2013/4/28 Erik Erlandson
I agree to modify the return type for function (4). So now I think your suggestion for using a class to supply these 3 functions together is a better choice. In case (1)(2)(3), I think return size_type seems to be better since the algorithm itself can only output an integer as the result?
I think in most cases the result would be integer. I did once implement a variation where I used (1.5) for the cost of substitution, and (1.0) for insertion/deletion. I no longer remember the details, but I do recall that using (2.0) didn't work as well, it wanted to be (1.5). At any rate, the resulting distance in such a case would be floating point, not integer. If it's reasonably easy to support configurable compute/return types, including non-integers, I think it might prove useful.
Yes, I totally agree with you. In case (1)(2)(3), there isn't a parameter for user to change the default cost(1/1/1/0). So maybe return an integer value is enough.

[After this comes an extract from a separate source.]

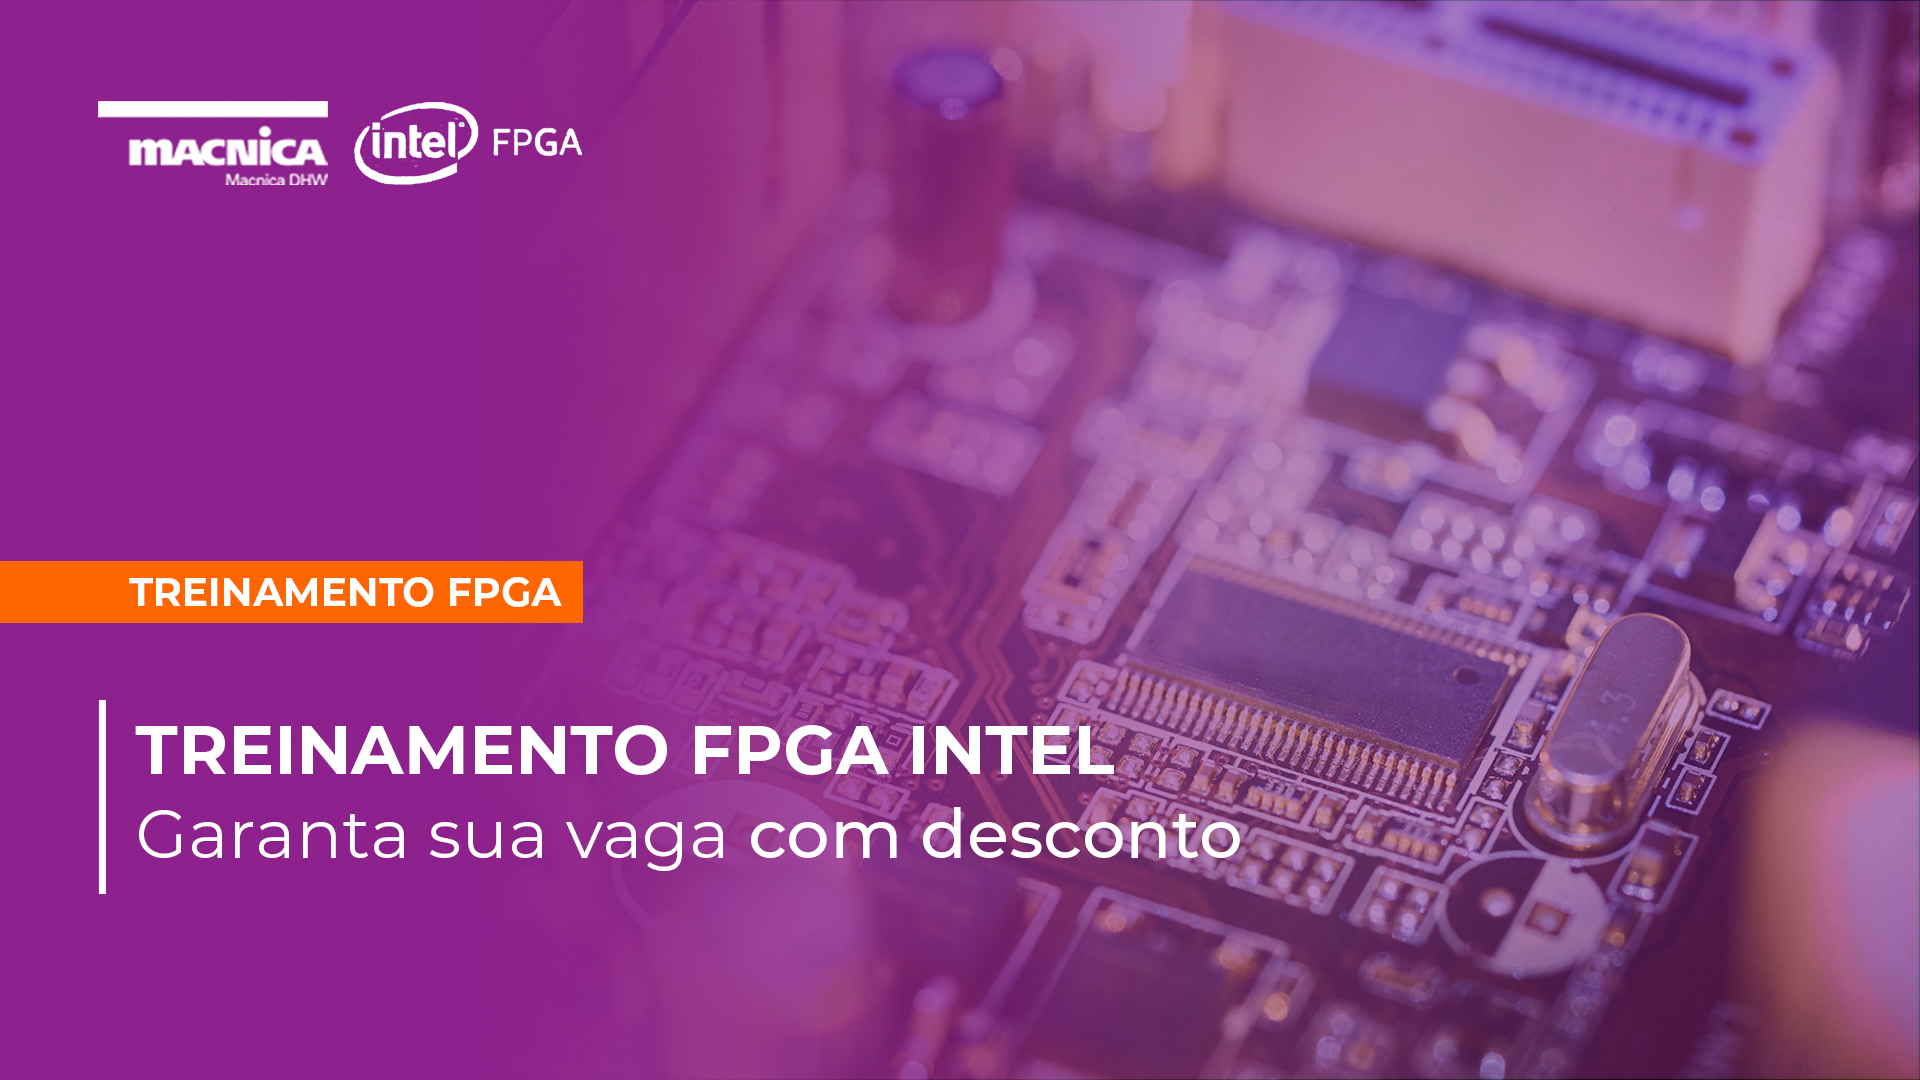 Garanta sua vaga no Treinamento FPGA Intel com desconto
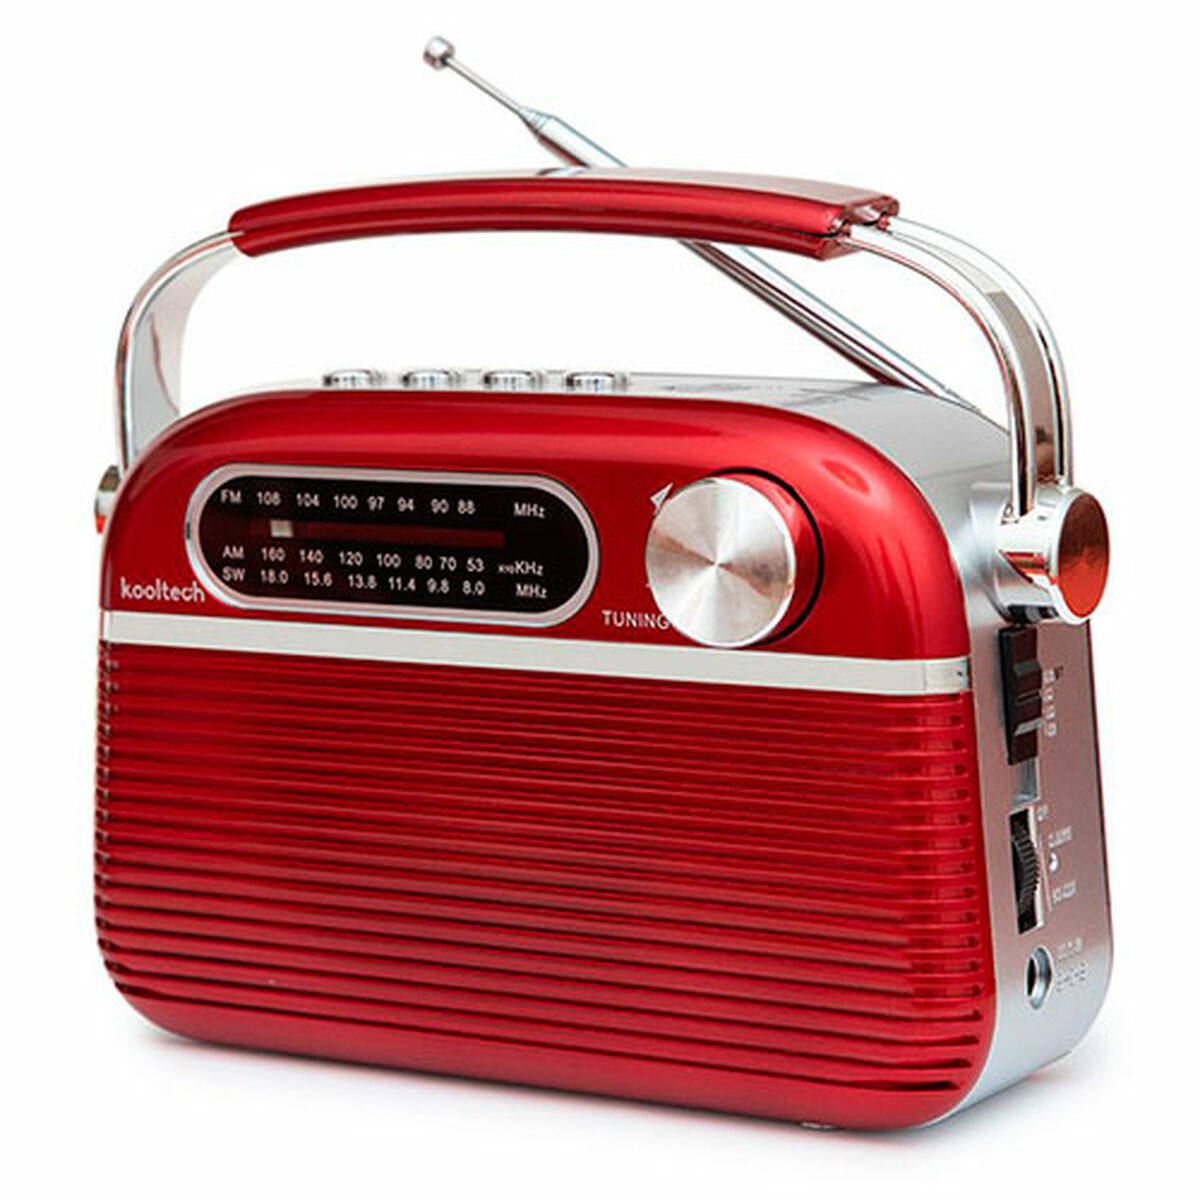 Tragbares Bluetooth-Radio von Kooltech, Vintage-Rot

In case (4), the user can change the return type if he likes.
I know that you are going to be focusing on actual strings for your applications, but there are other kinds of edit distance application, for example a use case like the unix diff command, where you are doing edit-distance-like computations on two sequences of lines of text, and in fact the edit cost between any two lines may itself be computed as an edit distance. So I think designing the routines to be as general as possible (within reason) will pay dividends for the boost community, and improve their adoption.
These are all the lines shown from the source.